La traînée de poudre du mouvement social continue sa progression. De plus en plus d’entreprises sont en grève, en particulier la plus emblématique de toutes : Renault-Billancourt, le bastion ouvrier par excellence. Mais d’autres entreprises stratégiques sont entrées dans la danse, comme la SNCF, la RATP et Air France, ce qui contribue à paralyser un peu plus le pays.
Les deux grandes forces de gauche – la Fédération de la gauche démocrate et socialiste (FGDS) de Mitterrand et le Parti communiste français (PCF) – se rencontrent. Mais, surtout, l’ORTF se met en grève. Les journalistes ne supportent plus la censure quotidienne qui leur impose de soumettre le sommaire du journal télévisé au ministre de l’Information. A compter de ce jour, les reportages sur les manifestations sont entièrement sous contrôle, réalisés par des non-grévistes et des journalistes réquisitionnés. Dans la soirée, un cortège d’étudiants part du Quartier latin en direction de Boulogne-Billancourt, espérant réaliser la fantasmatique alliance « cols blancs-cols bleus ».
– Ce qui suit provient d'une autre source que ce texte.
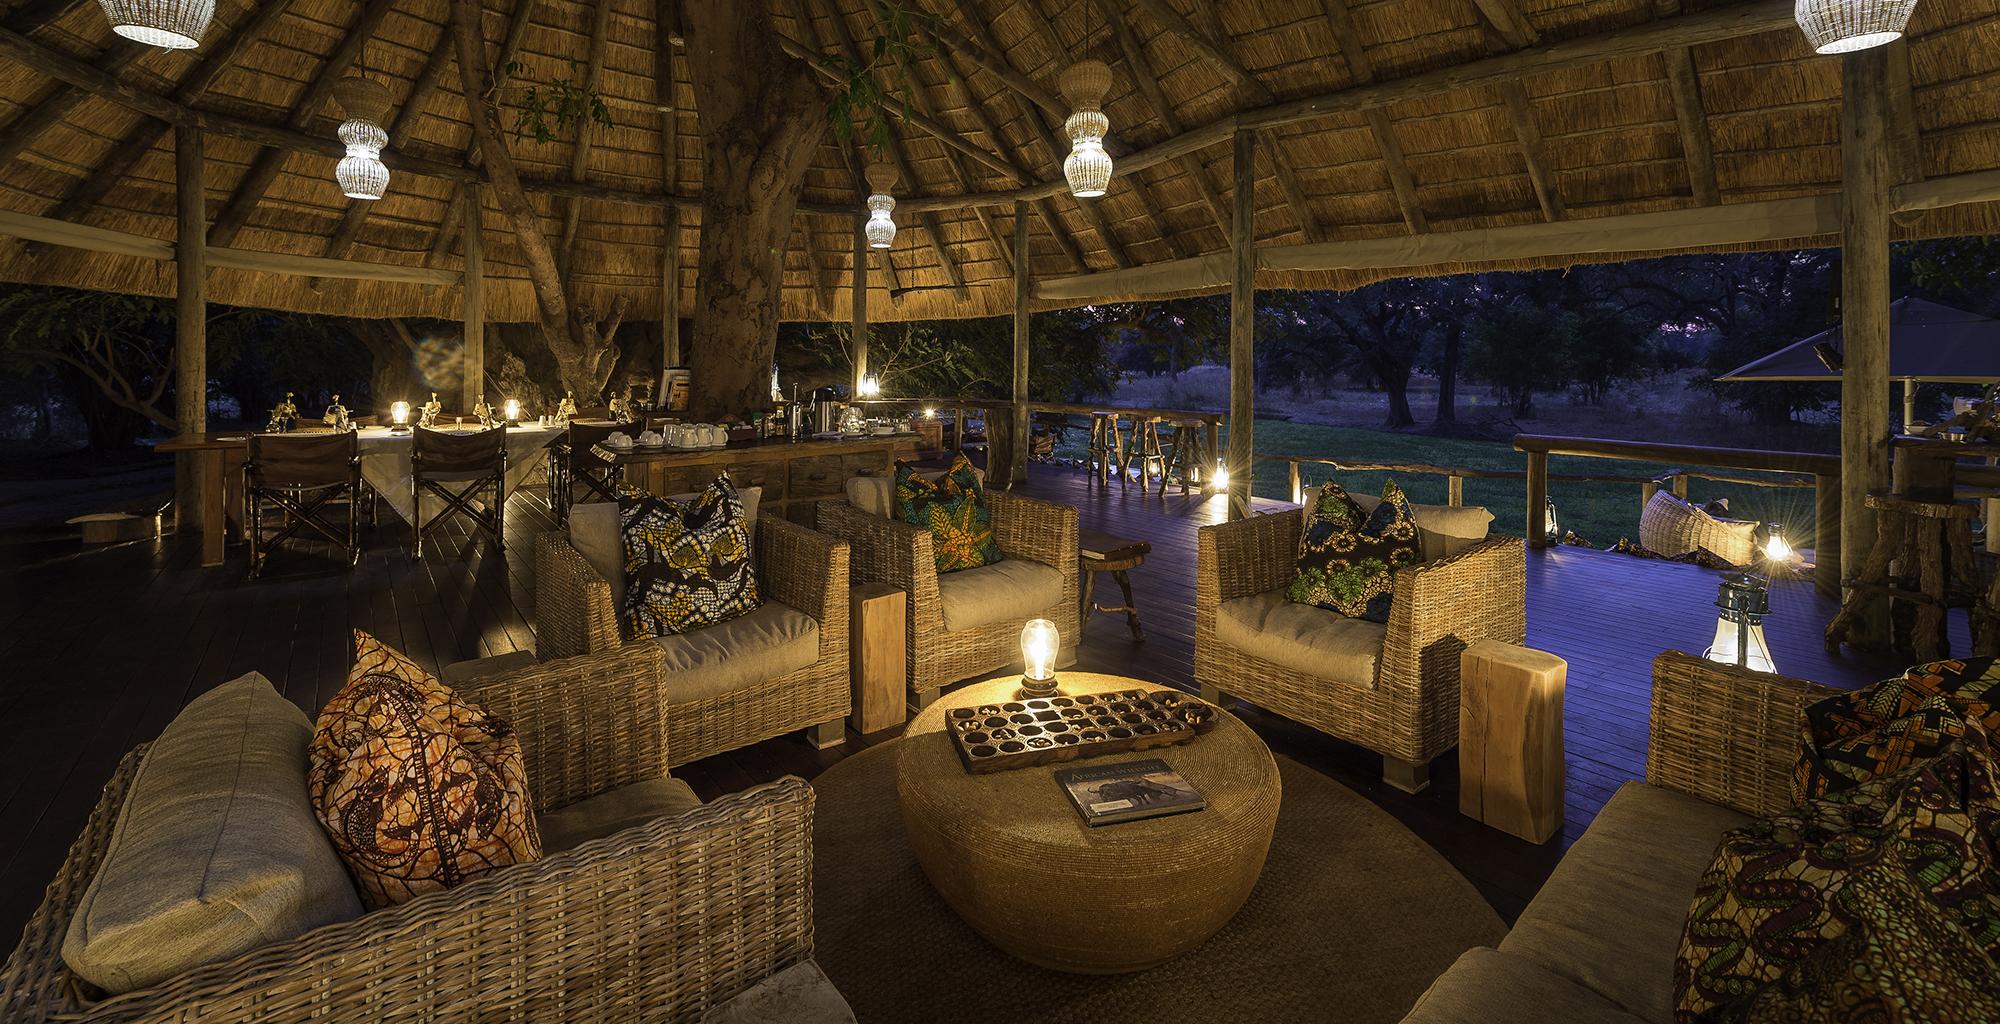 Zambia-Bilimungwe-Bushcamp-Living-Room

Le pays est en apnée. On compte 6 millions de grévistes. De retour de Roumanie, le général de Gaulle dénonce « la chienlit », selon un propos rapporté par Georges Pompidou à sa sortie de l’Elysée.
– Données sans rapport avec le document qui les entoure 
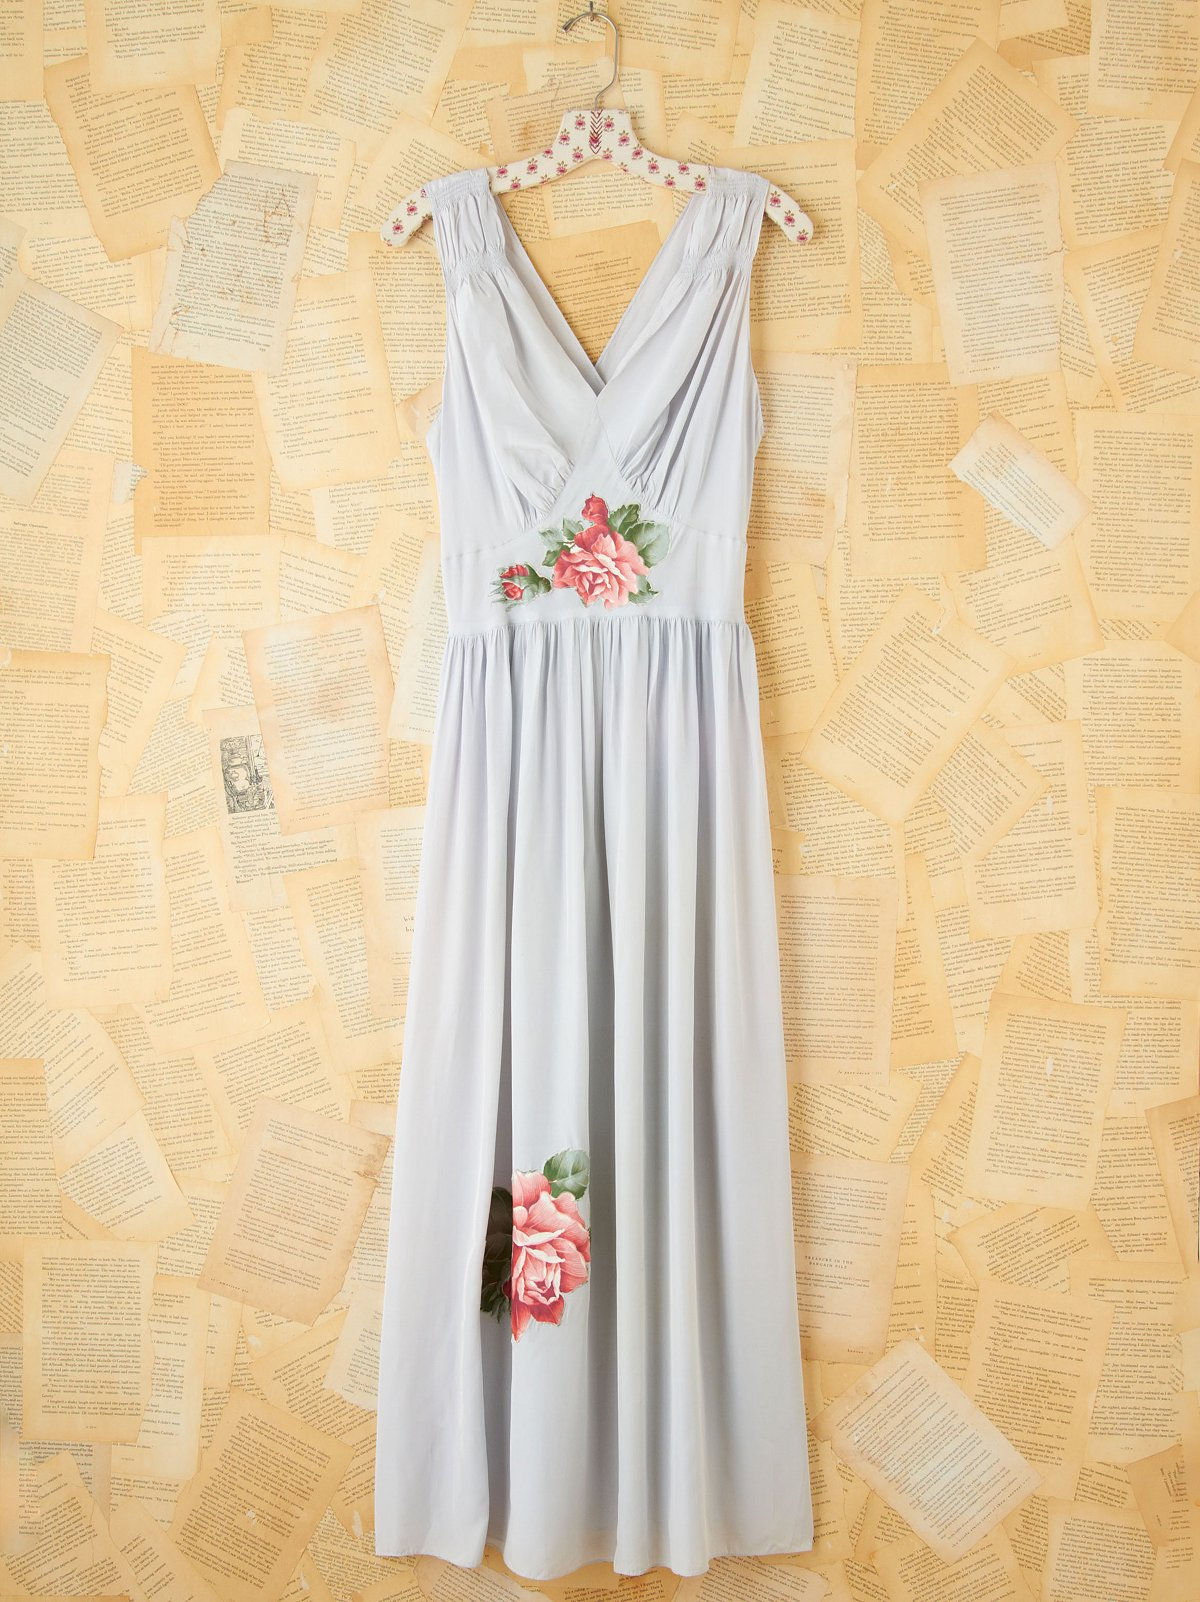 Vintage Floral Appliqu Maxi Slip Dress

Pour la première fois de son histoire, le Festival de Cannes est interrompu. Jean-Paul Sartre s’exprime dans le grand amphithéâtre de la Sorbonne. Le Syndicat national des instituteurs (SNI) et le Syndicat national des enseignants du second degré (SNES) lancent un appel à la grève. Après les universités, les lycées et les collèges. A quand les maternelles ?
Des lycées sont occupés à l’appel des comités d’action lycéens. La Fédération de l’Education nationale (FEN) appelle à cesser le travail à partir du 22 mai.
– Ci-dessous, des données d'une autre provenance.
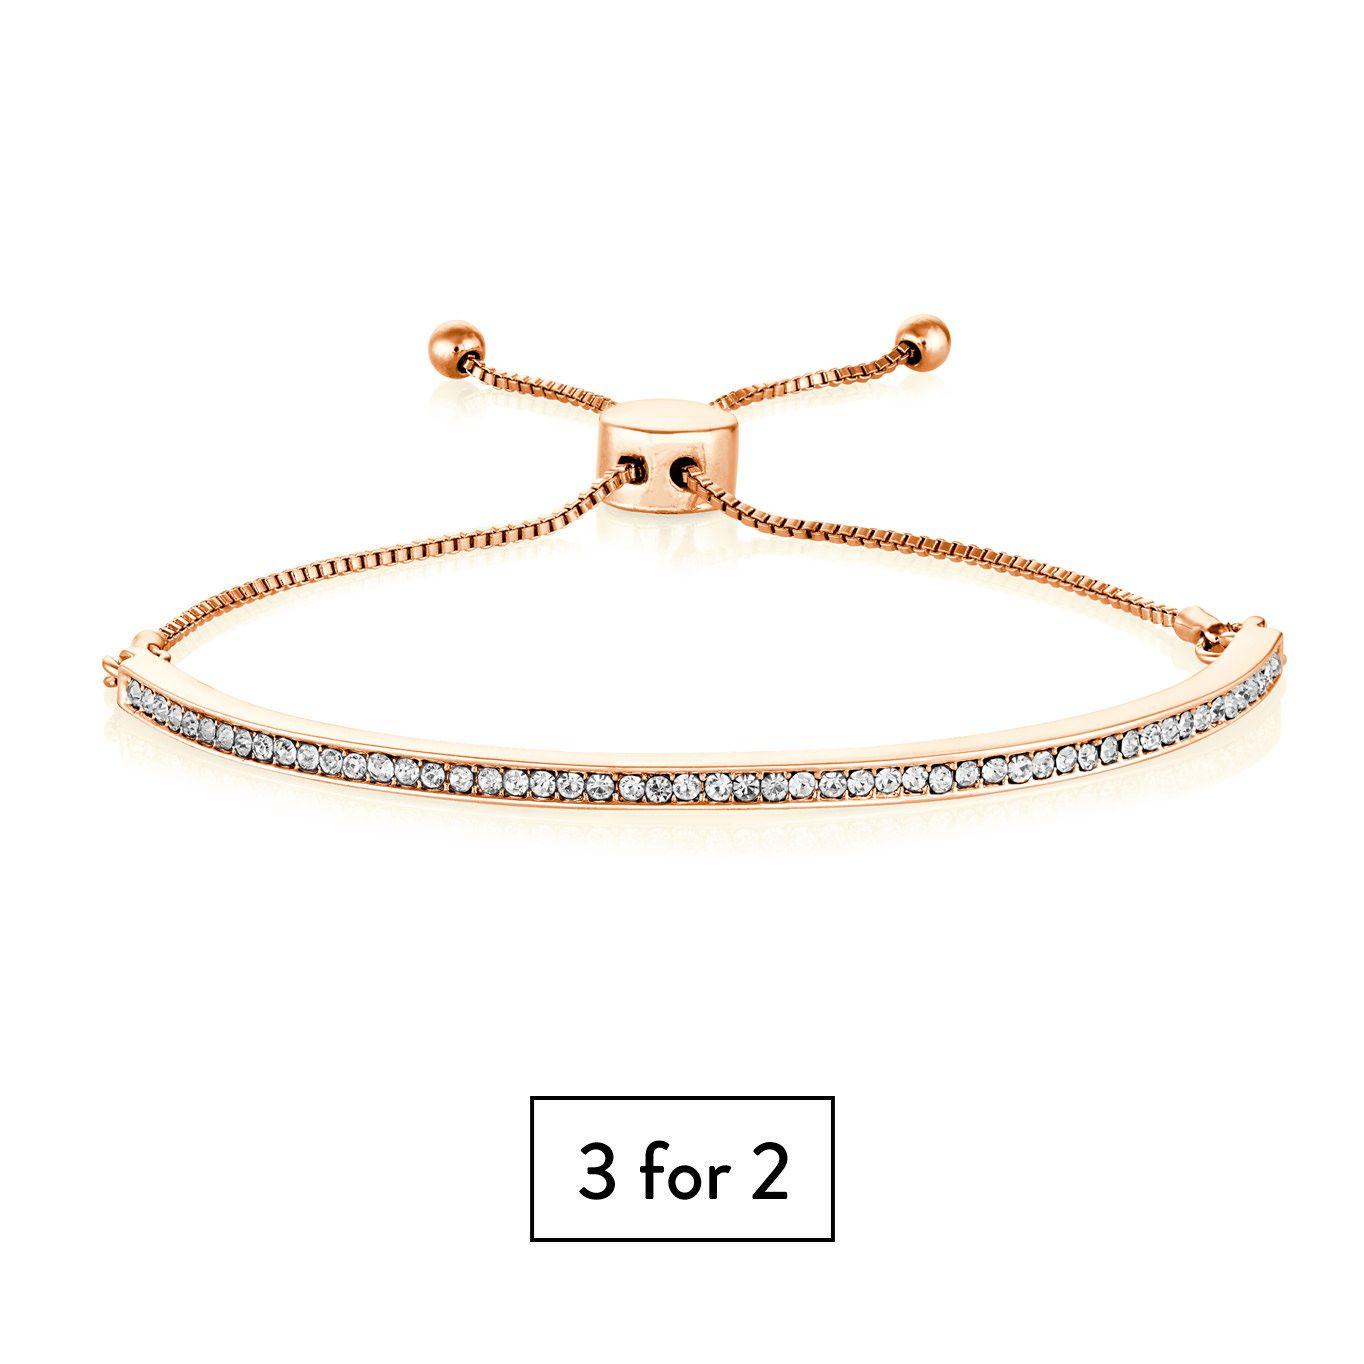 Buckley London Portobello Bracelet - Rose Gold

Daniel Cohn-Bendit, de nationalité allemande, est interdit de séjour en France. La grève s’étend à perte de vue : Peugeot, Michelin, EDF-GDF, les grands magasins… 10 millions de grévistes sont recensés.
A l’appel des syndicats d’étudiants et d’enseignants, une manifestation pour dénoncer l’expulsion de Daniel Cohn-Bendit se déroule à Paris. La CGT et la CFDT se rencontrent et élaborent une plateforme commune de revendications sociales.
Une motion de censure déposée par la gauche est rejetée, tandis que des députés gaullistes suscitent la création des comités pour la défense de la République.
Cette troisième semaine marque un basculement. La dimension sociale avec les grèves a pris le pas sur le mouvement étudiant. Les deux évoluent en parallèle. Toute la question est de savoir s’ils vont converger. Face à ces 10 millions de grévistes et ces étudiants en révolte, la Ve République vacille. Va-t-elle chuter ?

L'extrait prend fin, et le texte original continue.